His playing career took in spells in Argentina (River Plate, San Lorenzo), Spain (Atletico Madrid and Real), Italy (Inter Milan), Mexico (Atlante) and Uruguay (Penarol), but could a managerial job in England be an option?

"I would like to coach in Europe, in a serious project in one of the big leagues," he said.

"I saw the Premier League last year and how it grew so much. It was a fantastic campaign for the English teams. There are so many different cultures as well - you have Spanish coaches, German coaches, English coaches, coaches from all over the world who have made it grow.

"The type of football I like is when the team is the protagonist, offensive football, high tempo and aggressive but in order to achieve that you have to defend high, have fast transitions, and of course talent is a big part of that.

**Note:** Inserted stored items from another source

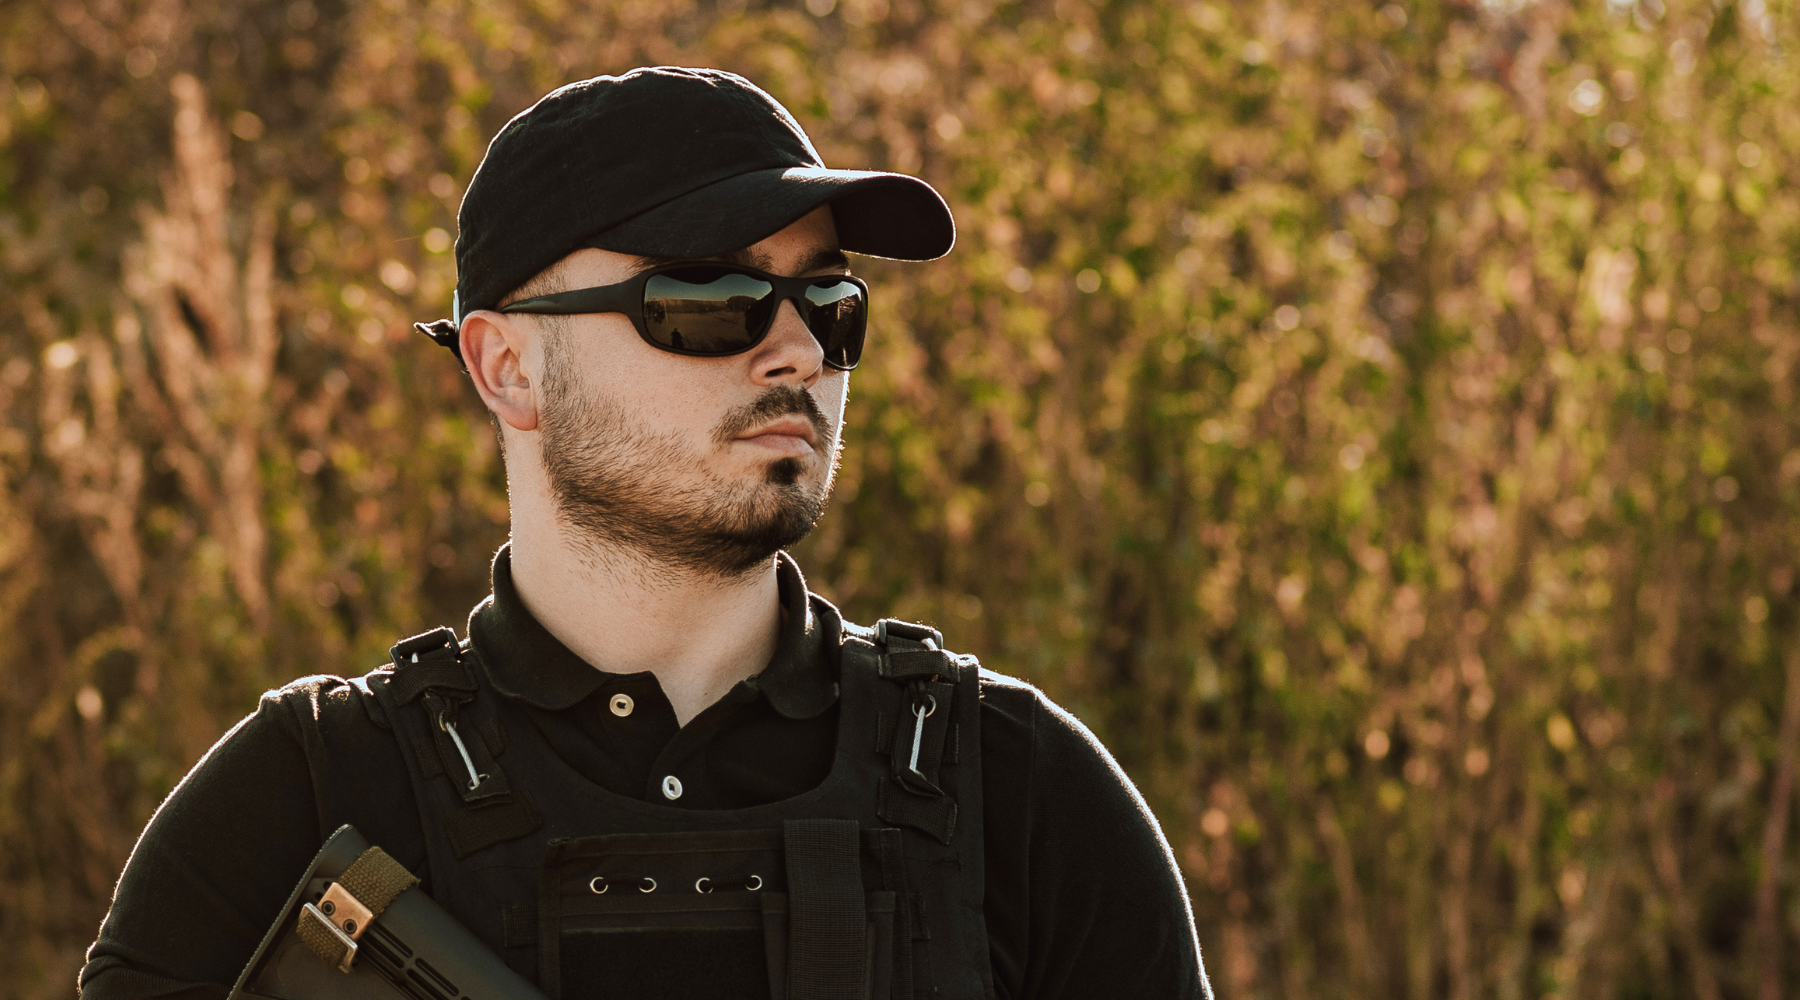 Man with Ballistic Eye Protection and Black Hat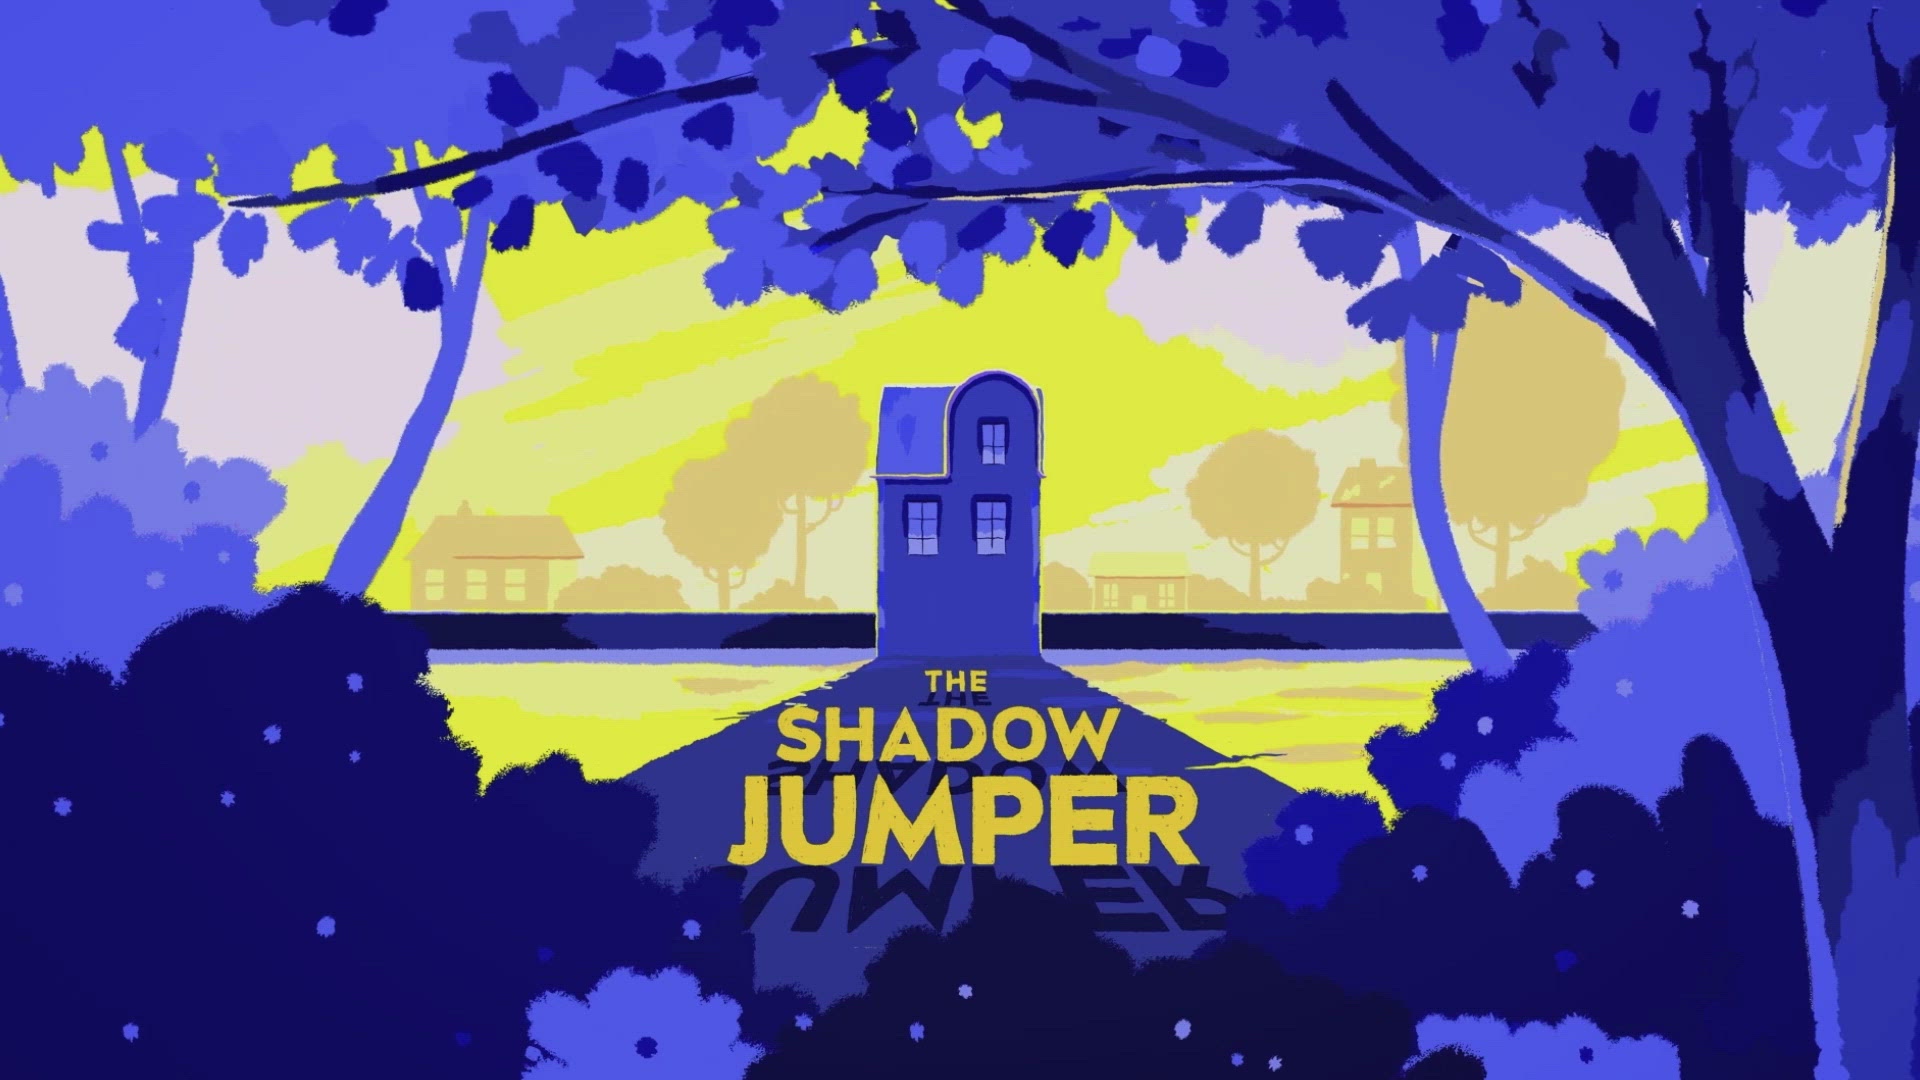 The Shadow Jumper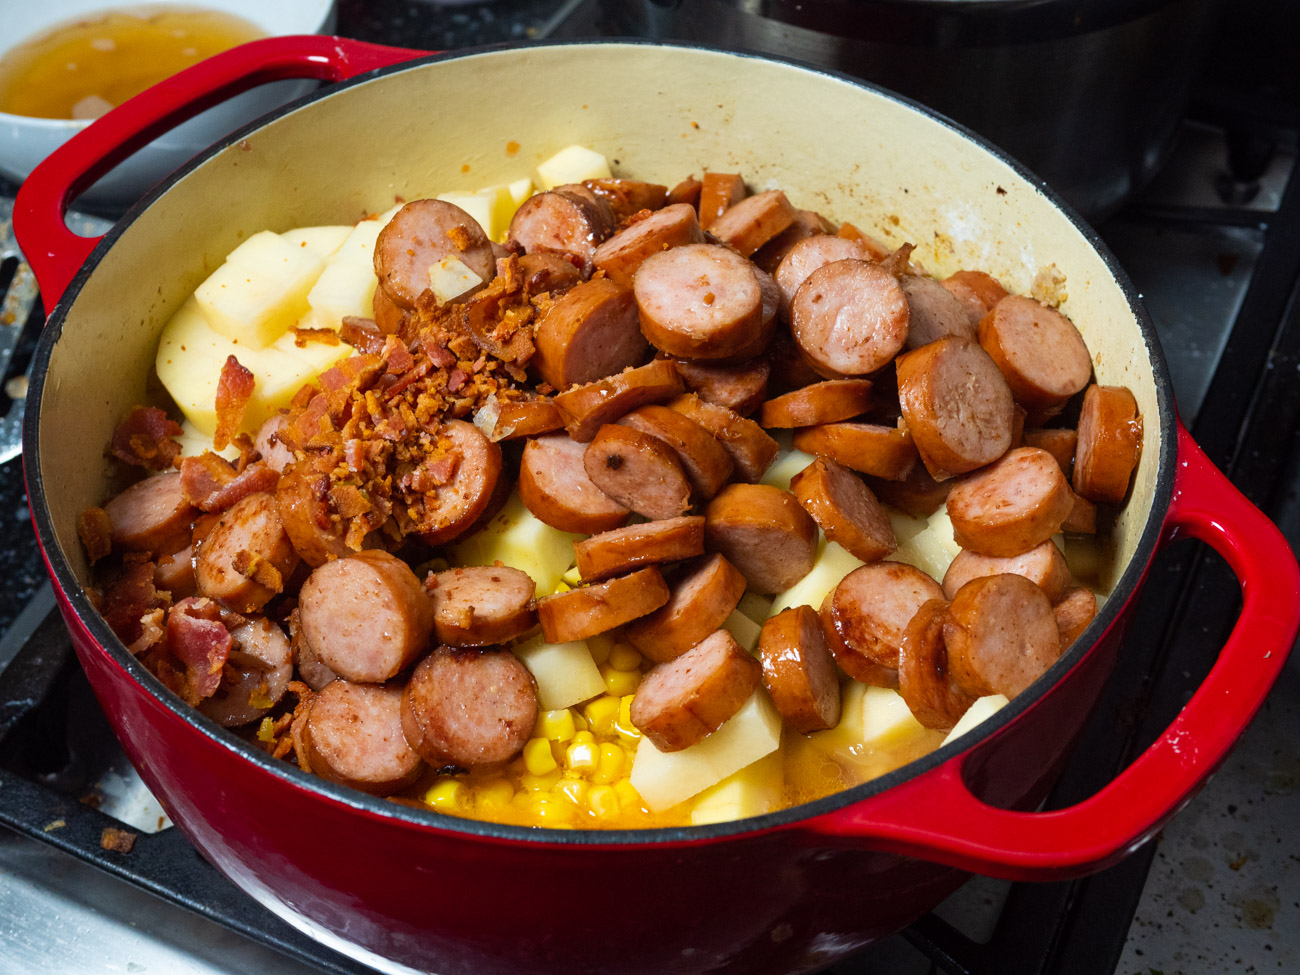 Add tomatoes, baked beans, green chiles, corn, potatoes, bacon, sausage, and water. Bring to a boil, then reduce heat and simmer, covered for about an hour, stirring occasionally.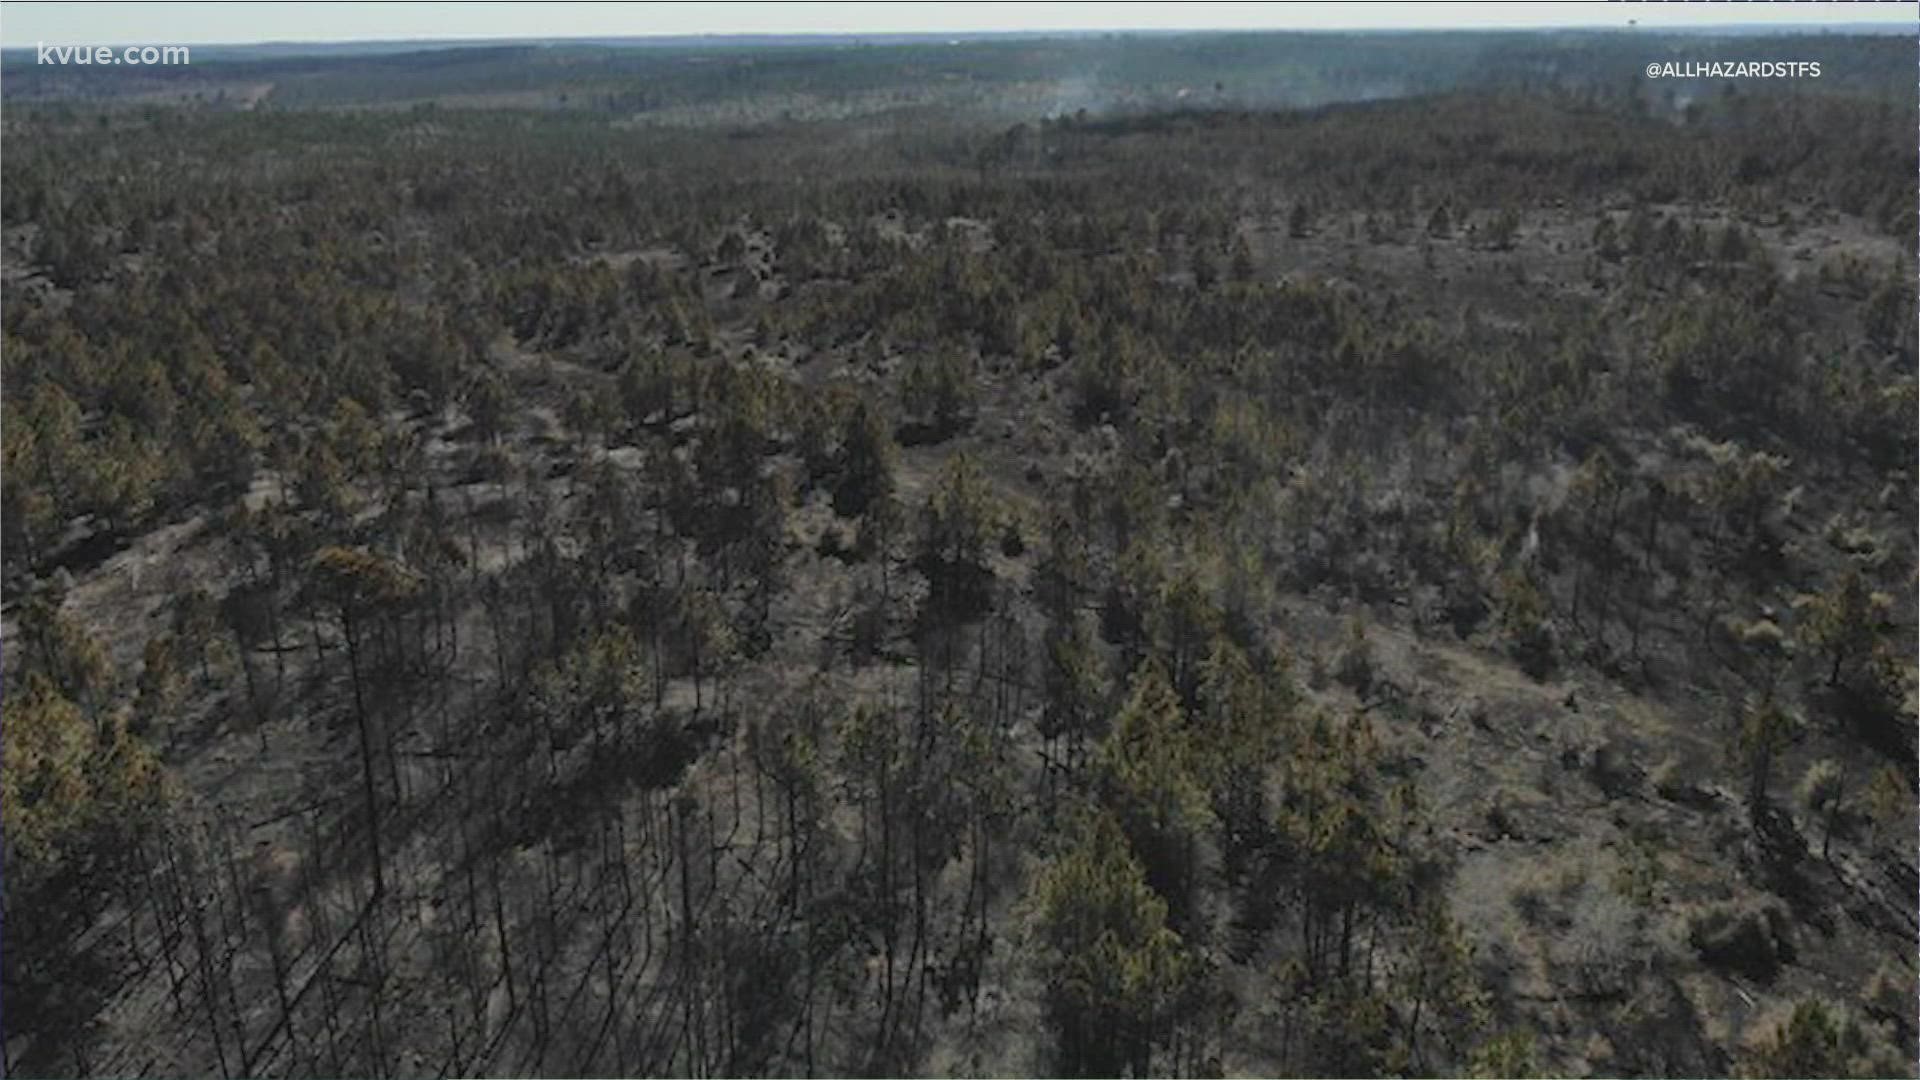 A panel reviewed the prescribed burn that caused Bastrop Rolling Pines fire. TPWD hosted a town hall for Bastrop residents.

"The statistics in the Premier League are amazing and confirm things are changing. Fifteen years ago there were just three games where one team averaged 70% of possession. Three years ago that went up to 30 games. Two years ago it was 60 games and last year there were 67 games in which one team had 70% of possession."

Tottenham manager Pochettino and Manchester City boss Guardiola are examples of two men who have made a major impact after swapping other major European leagues for the Premier League.

Pochettino grew up in the same Argentina province - Sante Fe - as Solari.

"I am not friends with him but I know him and I admire him and what he has done last year and the year before," said Solari. "It didn't just happen that he got to the final of the Champions League - it was something that was growing over four or five years."

On similarities between Pochettino and Guardiola, Solari is quick to point out that while they have both achieved great things in the English game, they are very different people.

"I don't think we can put them in the same package," he said.

"They have coached different teams. I would like to see Pochettino with one of the really big teams soon because he deserves the opportunity.

"On the other hand Pep has only ever worked with top teams. He delivered in Spain, he delivered in Germany and he delivered in England. We'll see now what his next step will be.

"But they are both top coaches and I have nothing but respect and admiration."

'Born into football'

Solari was, perhaps, destined for a life in football.

His uncle, Jorge, boasted an illustrious record as a player and later as a coach but will probably be best remembered as part of the Argentina side that played in the infamous 1-0 quarter final defeat by England at Wembley in the 1966 World Cup finals. Jorge was booked for dissent, or rather for what Jimmy Hill quaintly referred to as "violence of the tongue".

"I was born into football," said Santiago Solari. "By the time I was born my father was already a coach.

"My uncle coached 20 teams in eight countries. My father coached 14 teams in five countries.

"Many of them I followed because the family followed so I grew up in many places like Colombia, Mexico, Saudi Arabia, Tenerife and in many different cities. I grew up watching my father watching videos. He had this huge collection of video tapes in the house. More than 3,000.

"Football was not just a game, it was a way of life.

"Me and my brothers were always going to the training sessions waiting for everybody to leave so we could get on to the pitch and play."

Both his brothers, David and Esteban, became professional footballers and the only sibling not to was his sister, Maria Isabel (Liz) Solari, who is today a leading actress.

"With certain families all of them are lawyers or journalists," he said. "With us it was very natural that we would be footballers, even my sister. We sometimes made her play in goal."

That early love for the game is something he retains - even now after the scars of being sacked from a dream job.

When I ask him to describe football in one word, he offers up three: "passion, love, joy".

"If you lose the emotional approach to the game then you are lost," he said. "That's how we get in touch with football when we are four, five and six years old, when you start playing around at school with the ball with your friends. For the joy, the love of the game.

"Even in professionalism we cannot lose that."